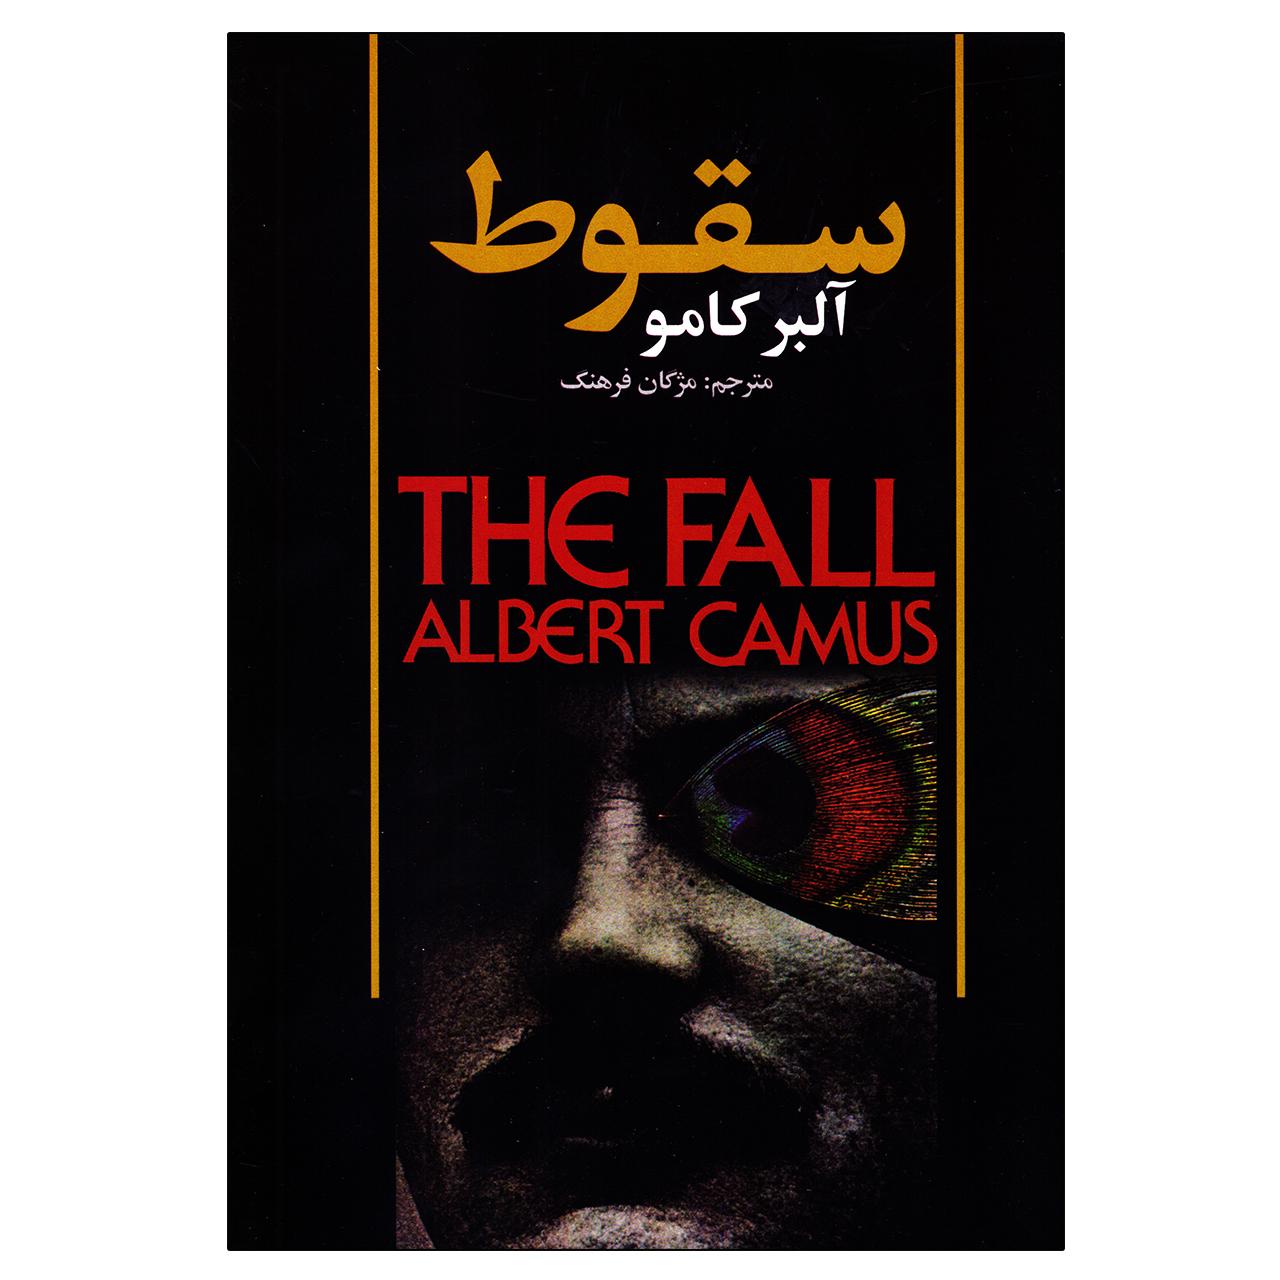 کتاب سقوط اثر آلبر کامو نشر حباب
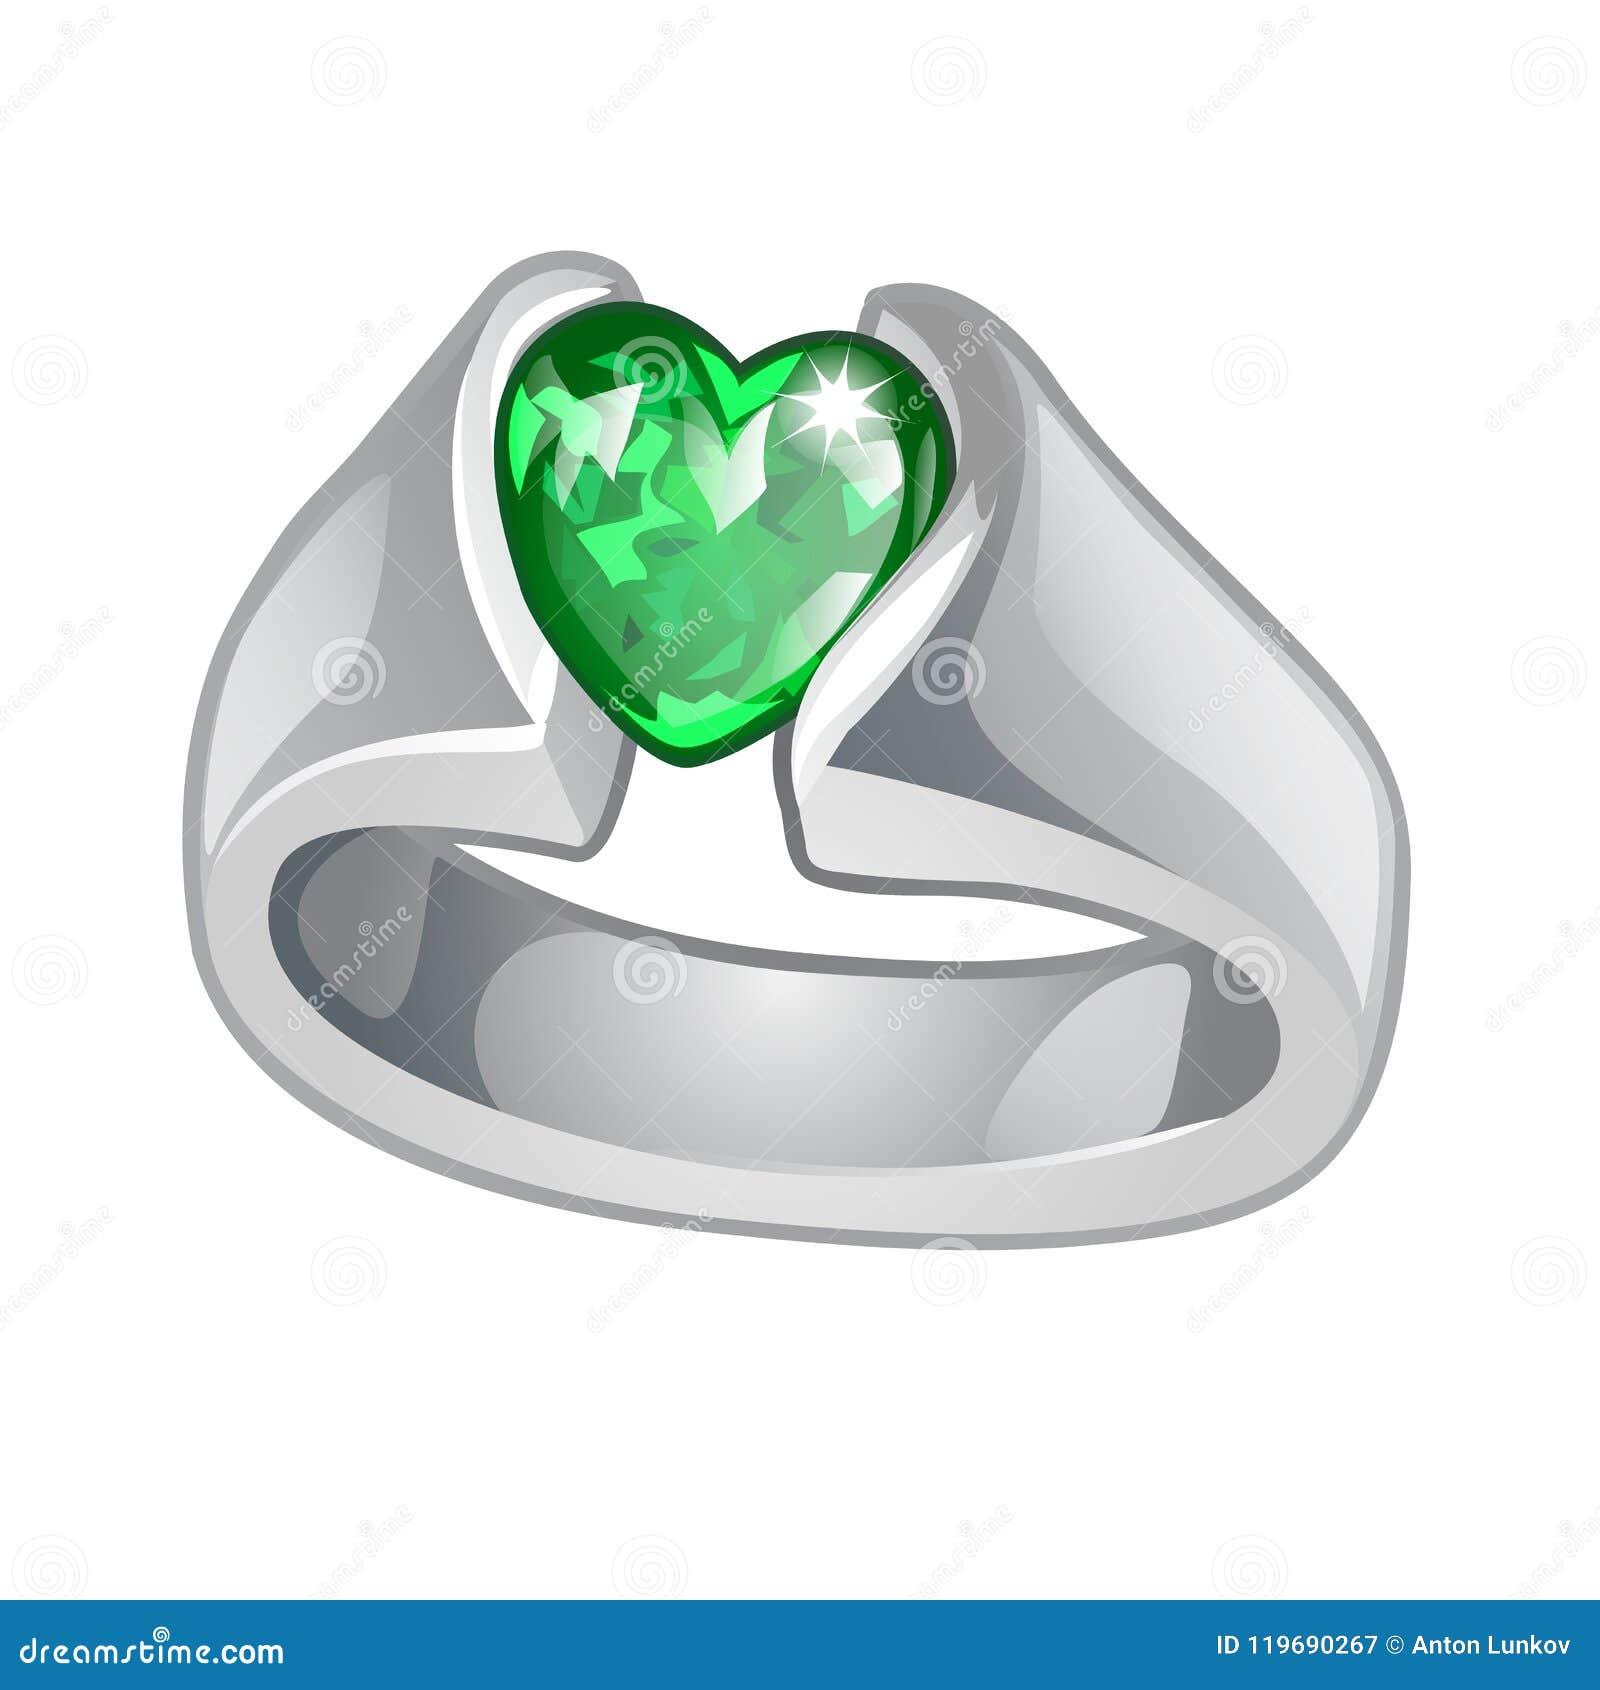 ultima moda up-to-date styling cerca il più recente L'anello Esclusivo Fatto Di Oro Bianco Con Cuore Verde ...
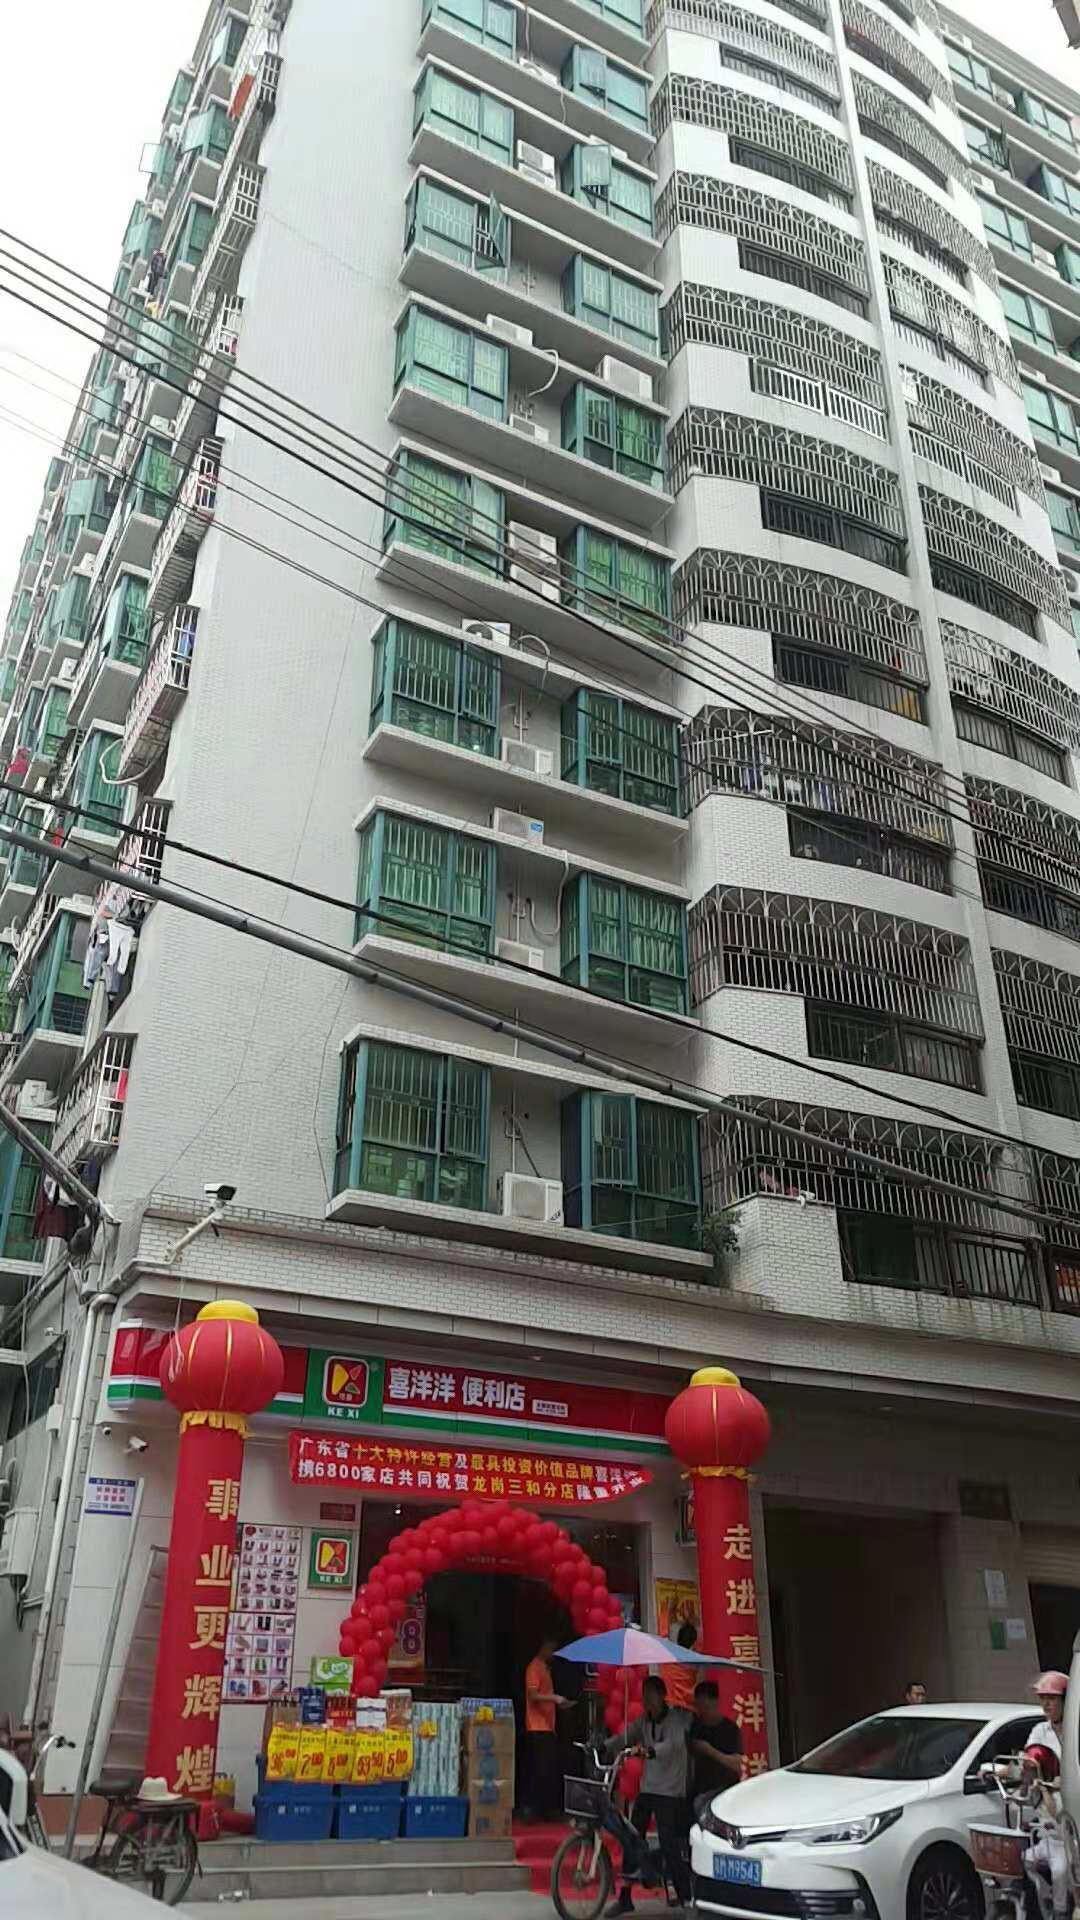 热烈祝贺喜洋洋11月10日又迎来新店开业:深圳龙岗三和分店

__Required work__:
Everything in the listing except the pictures must be reproduced exactly.

__Output of the exercise__:
 کتاب سقوط اثر آلبر کامو نشر حباب
 ultima moda up-to-date styling cerca il più recente L'anello Esclusivo Fatto Di Oro Bianco Con Cuore Verde ...
 热烈祝贺喜洋洋11月10日又迎来新店开业:深圳龙岗三和分店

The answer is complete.